■ Task brief ■
The result should be the full listing copied exactly, with no pictures in it.

■ Dataset extract ■
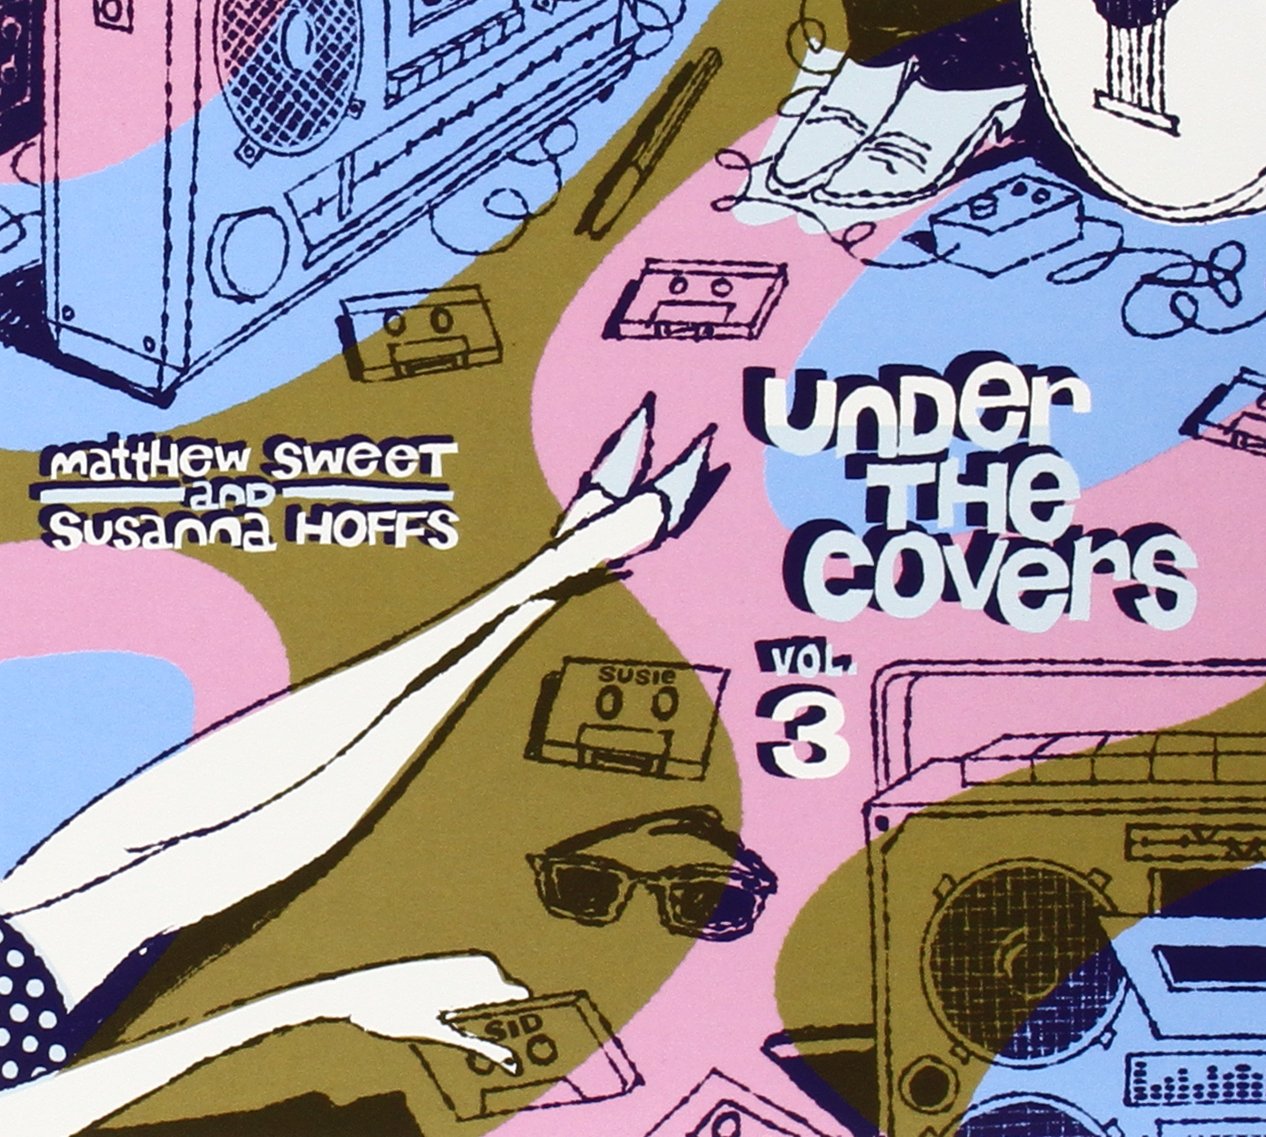 Matthew Sweet & Susanna Hoffs "Under the Covers, Vol. 3" LP
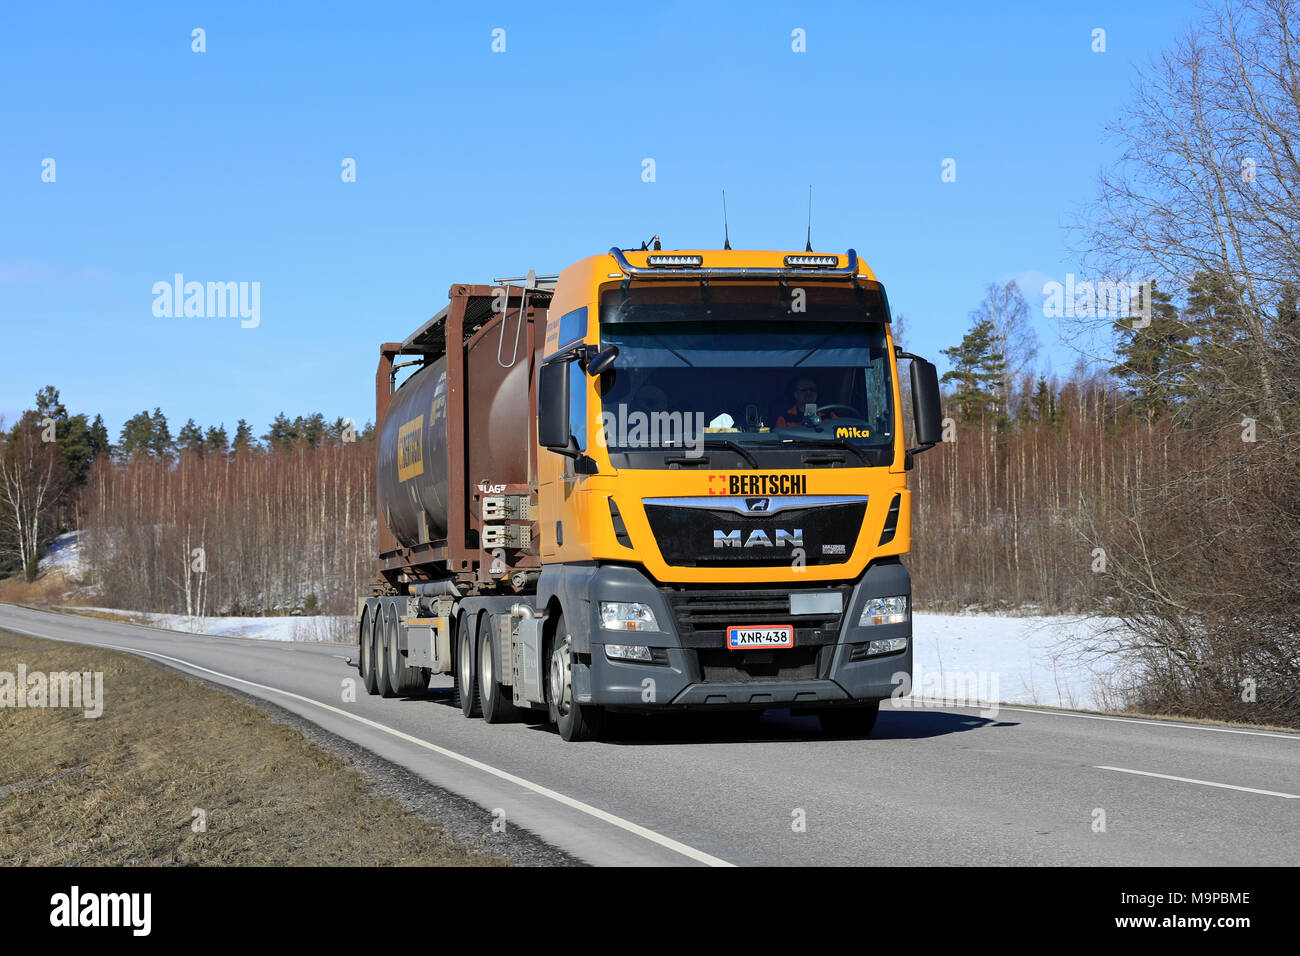 SALO, Finnland - 23. MÄRZ 2018: Gelbe Mann Semi Truck für Bertschi Finland Oy hols Tank Container entlang der Landstraße an einem schönen Frühlingstag. Stockfoto
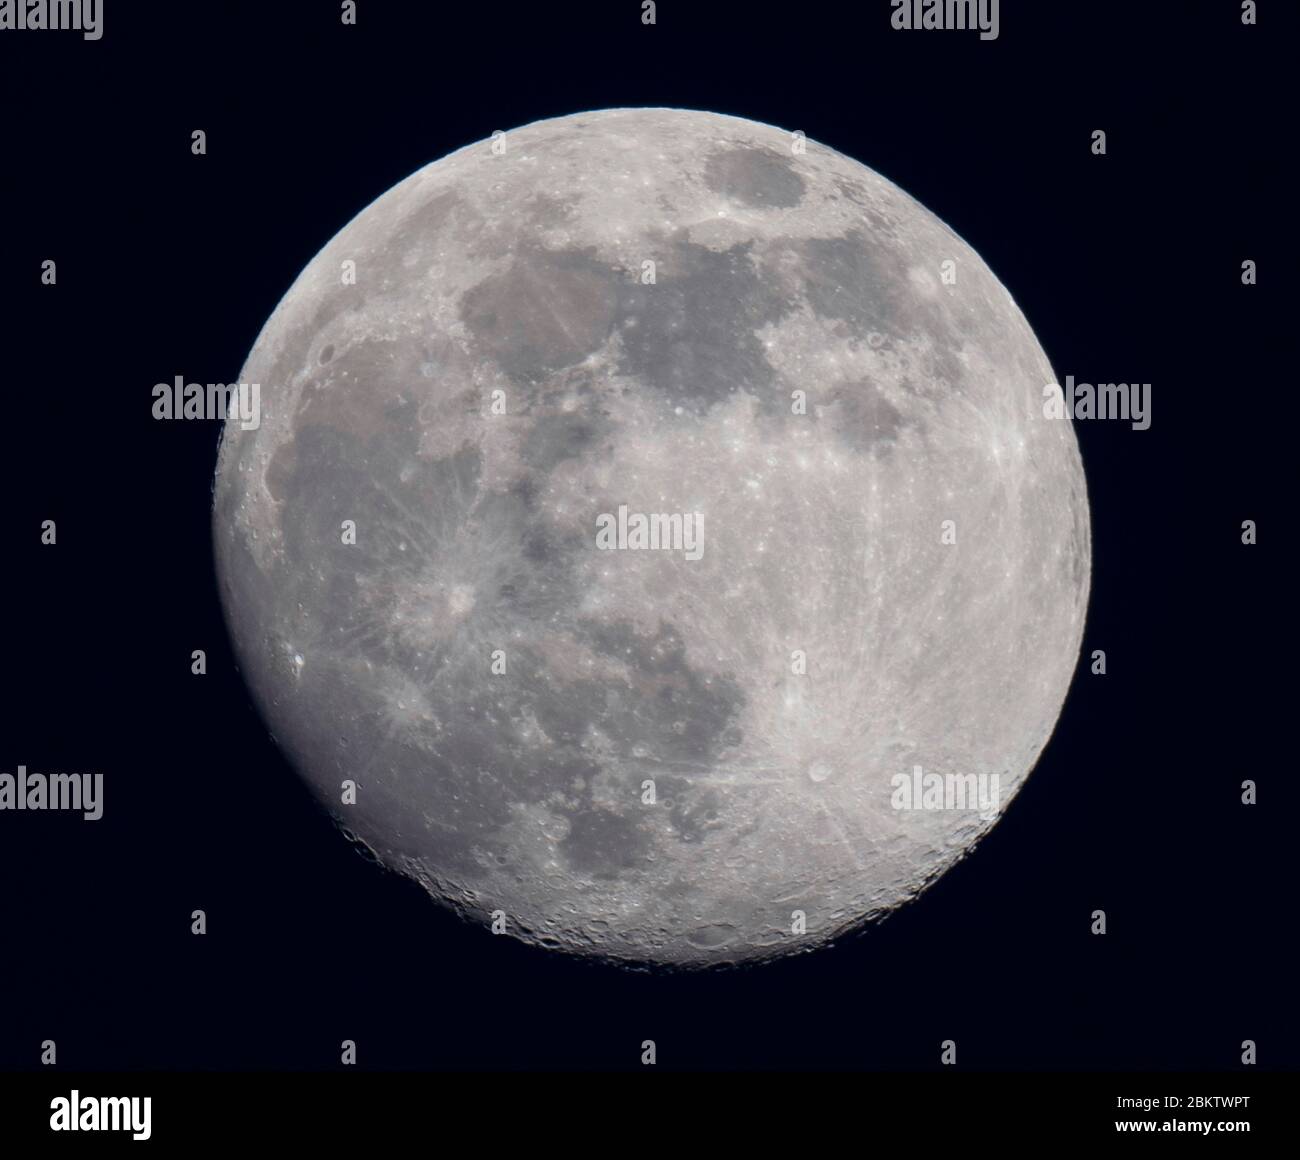 Londra, Regno Unito. 5 maggio 2020. Waxing gibbous Moon fase contro il cielo sera scuro due giorni prima dell'ultima Supermoon del 2020. Credit: Malcolm Park/Alamy Live News. Foto Stock
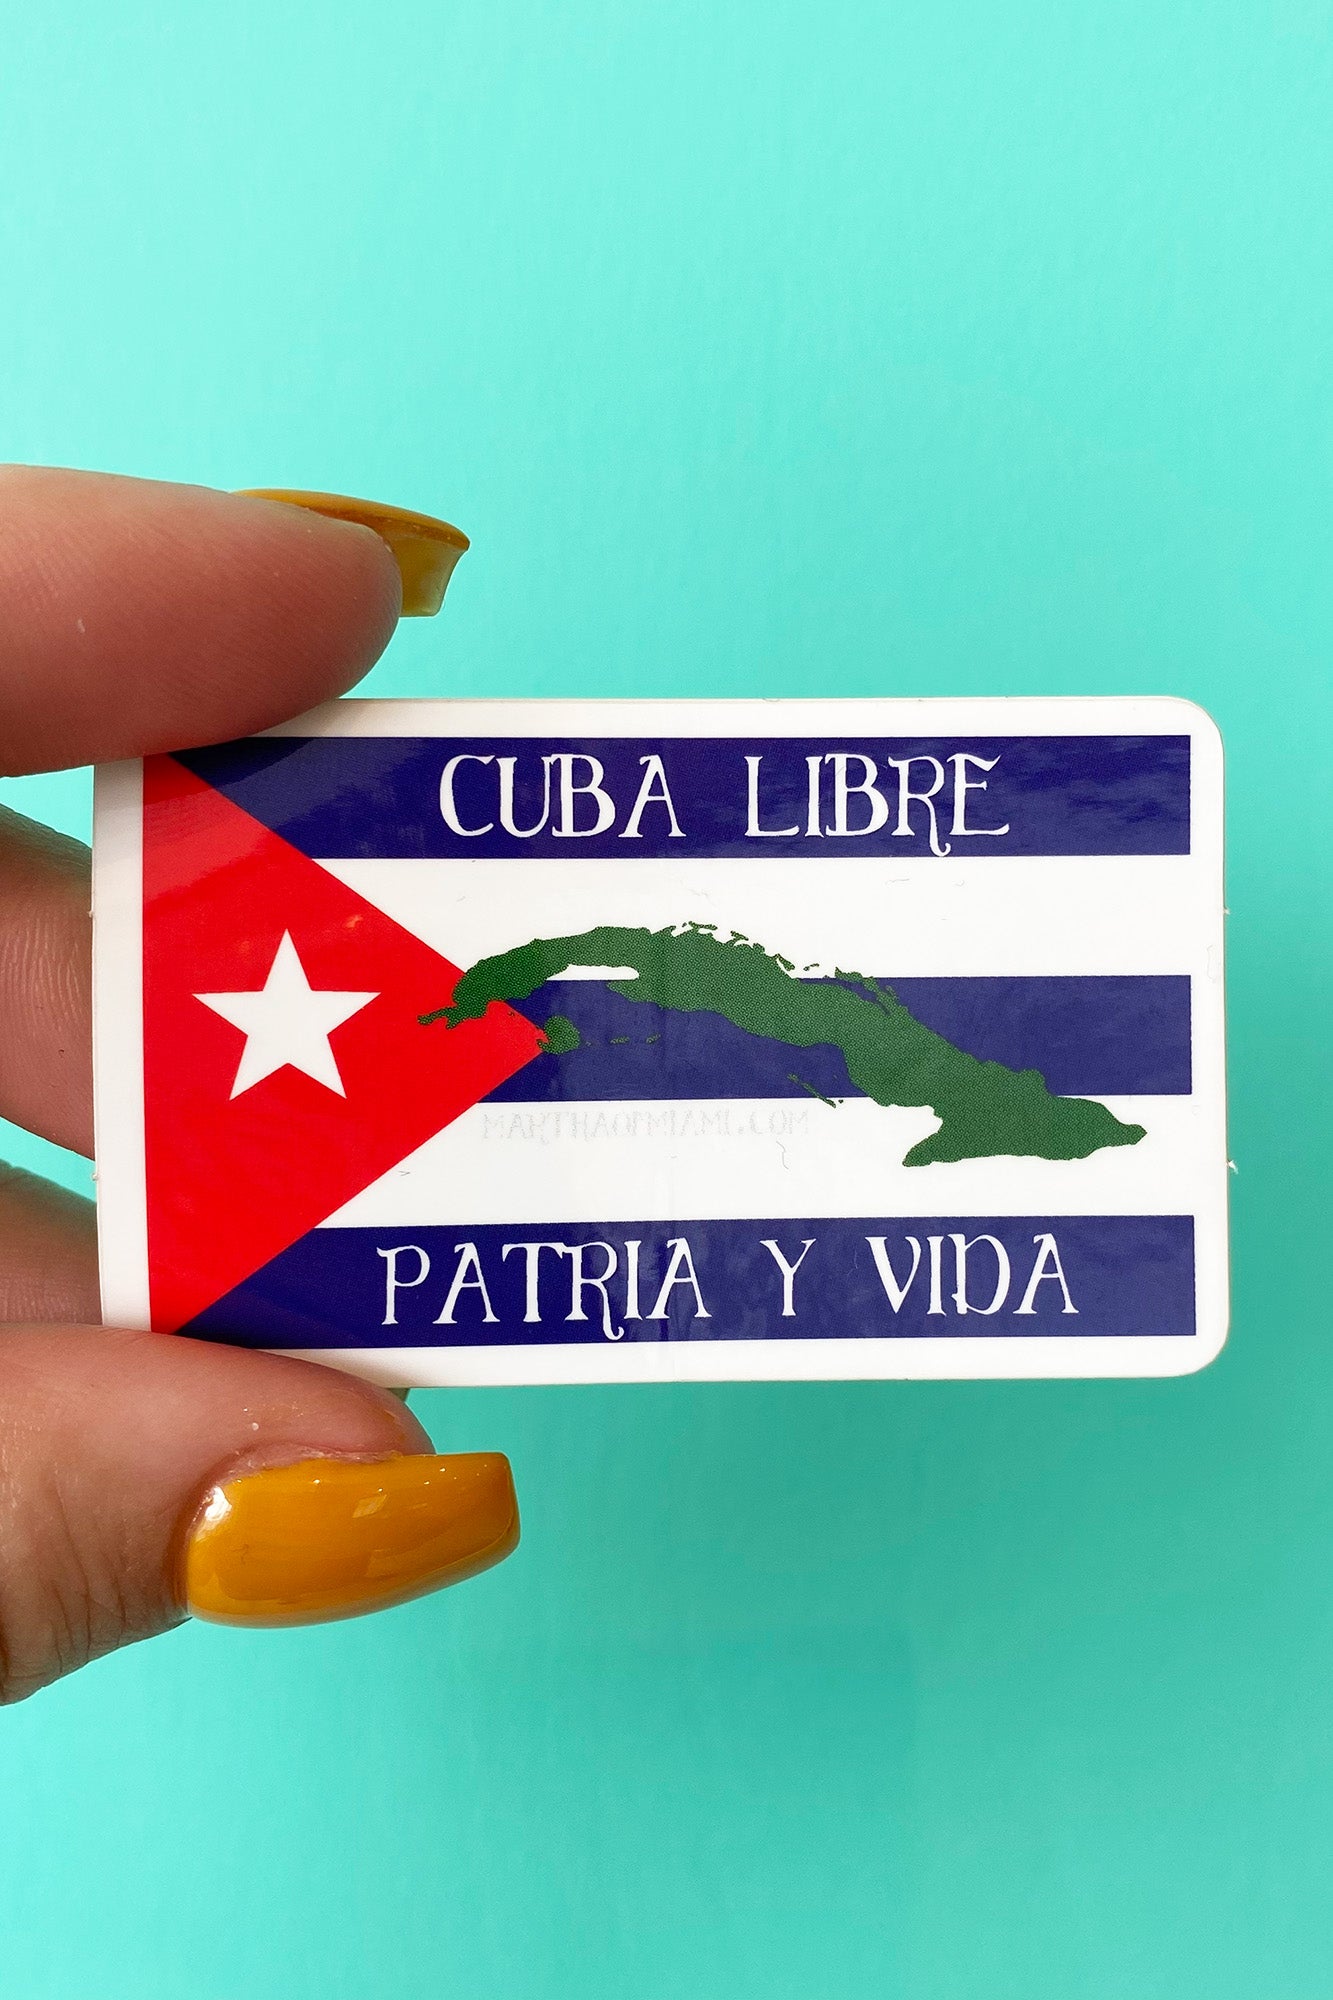 Cuba Football | Sticker

■ Written reply ■
 Matthew Sweet & Susanna Hoffs "Under the Covers, Vol. 3" LP
 SALO, Finnland - 23. MÄRZ 2018: Gelbe Mann Semi Truck für Bertschi Finland Oy hols Tank Container entlang der Landstraße an einem schönen Frühlingstag. Stockfoto
 Londra, Regno Unito. 5 maggio 2020. Waxing gibbous Moon fase contro il cielo sera scuro due giorni prima dell'ultima Supermoon del 2020. Credit: Malcolm Park/Alamy Live News. Foto Stock
 Cuba Football | Sticker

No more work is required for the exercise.